But it is not Roh's engagement of North Korea, or even its recent nuclear test, that has saddled him with a current approval rating of 11 percent.
...
Indeed, even as the North Korean crisis keeps widening the gap between Seoul and Washington, it is nothing like a hot-button issue here among voters. North Korea's nuclear test last month has, if anything, reconfirmed the national consensus that South Korea has no choice but to keep its policy of engaging North Korea."
More at IHT 'Roh Loses Support' Article
Ever since the North’s nuclear test last month, and in the run-up to the holidays, people at home have been asking about what the mood is like here on the peninsula. Is it more dangerous now? What do the South Koreans think?
Is it more dangerous now?
Nope, not if you’re living in Seoul, or anywhere else close to the North’s border. Whether I’m sitting here and get killed by an artillery shell, or a nuke, the result is the same – I’m dead. So, for anyone living in the area, in range of North Korean artillery for decades, the North’s development of a nuke changes little.
What was the reaction among South Koreans?
I first heard of the explosion the afternoon it happened, during a break between classes. When I returned to class I asked my students, 1st to 4th year female students at the university in Seoul where I teach, if they had heard the news. Most had not and, when I explained what had happened, I was met with cheers and applause. Some of the students were literally ecstatic that the North had developed a nuclear weapon, “Because their power is our power.” Friends and co-workers reported similar reactions.
While these feelings are most common among the young and the left-wing, they are in no way a small minority. A sizeable segment of the South Korean population is honestly happy the North has tested an atomic bomb.
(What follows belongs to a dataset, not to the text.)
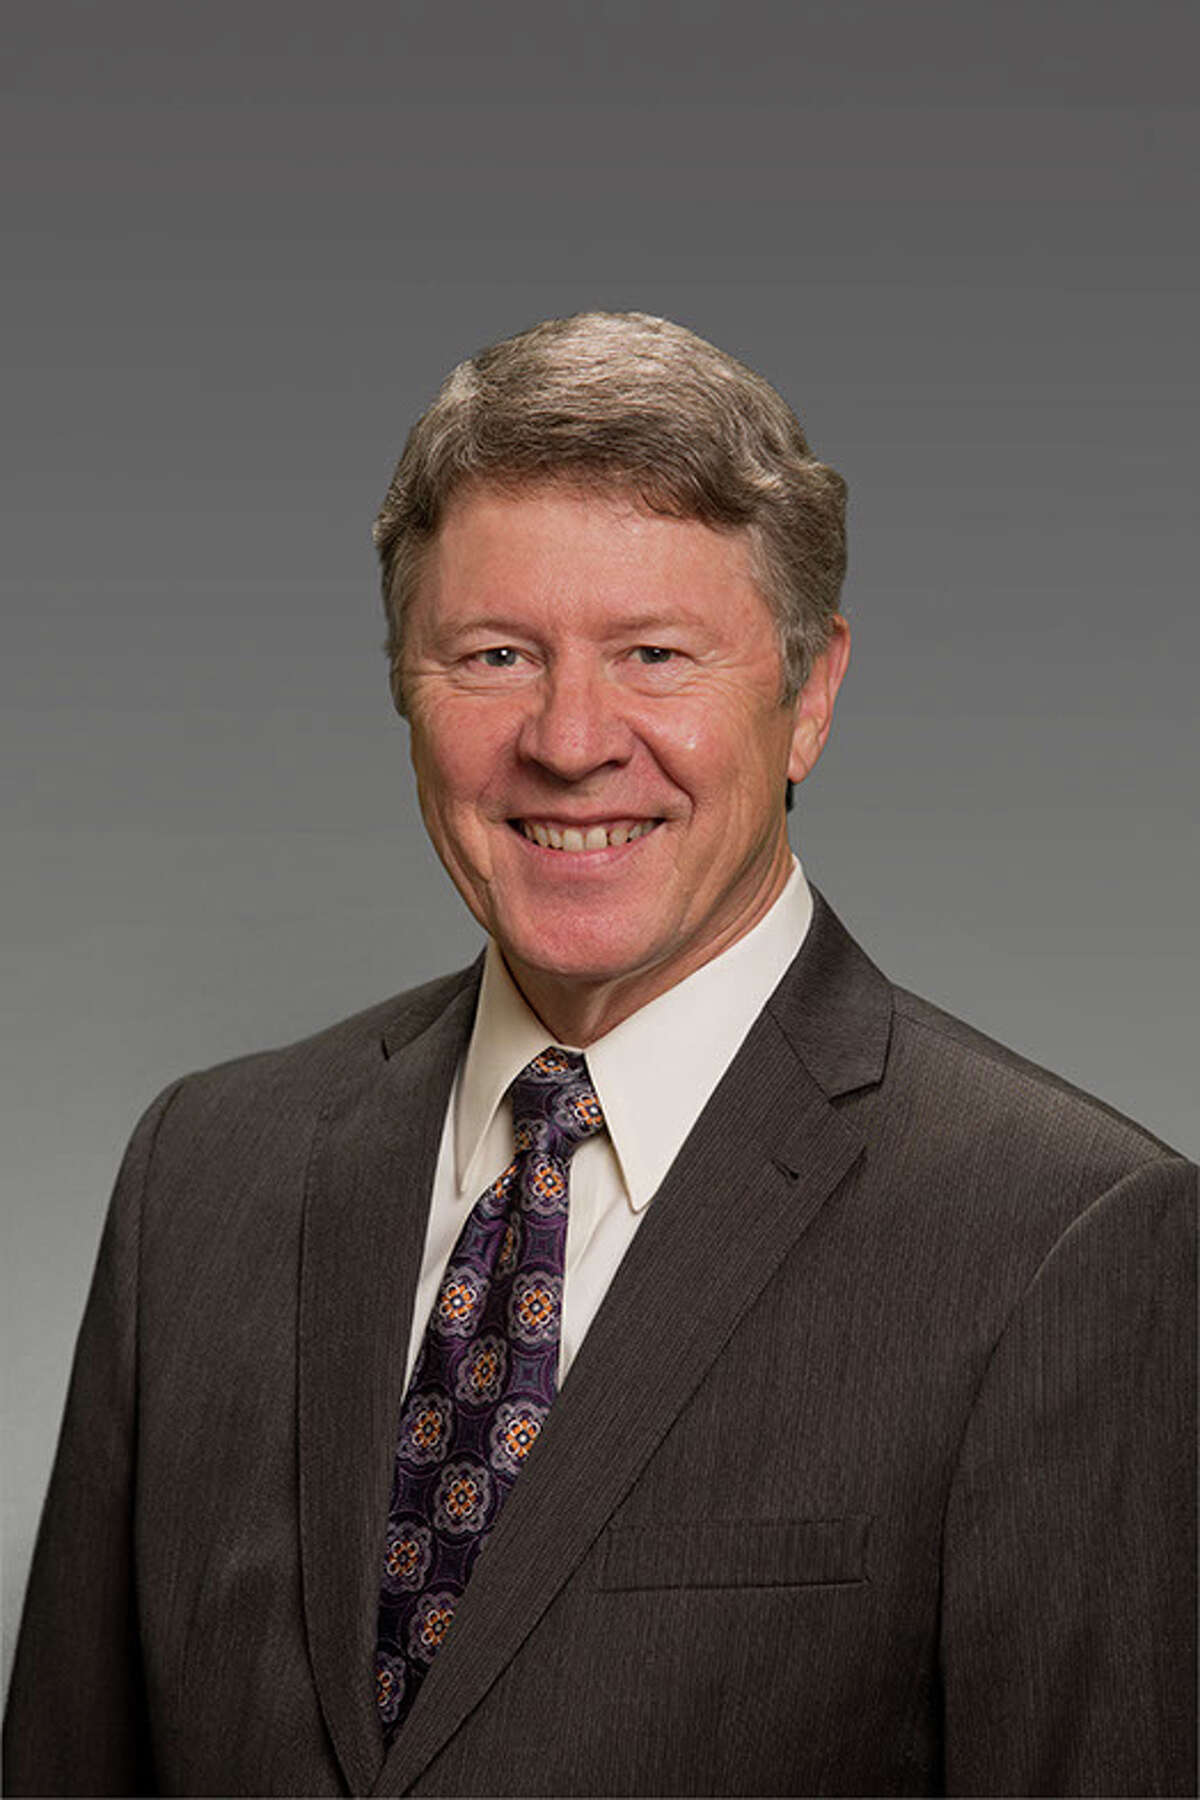 Ed Emmett is Harris County Judge.

The idea the North would ever do anything to hurt them is deemed crazy and war-like, the events of 1950-53 notwithstanding. In my class I told my students to go talk to their grandparents before getting too excited, then got back to the lesson.
In the end, the reaction to the nuclear test here in ranged from joy and happiness at one end, through a vast lack of concern across the middle, to a few demonstrations and some anger from the old and the right-wing. In the space of a few weeks, if not a few days, it seems everything here on the peninsula returned to normal. People that like the North still do – the SK government has kept up the Kaesong and Kuemgang projects. People that dislike the North still do, only with maybe a little more energy than before.
If there is such a thing as yawning at a nuclear test, that’s what’s happened.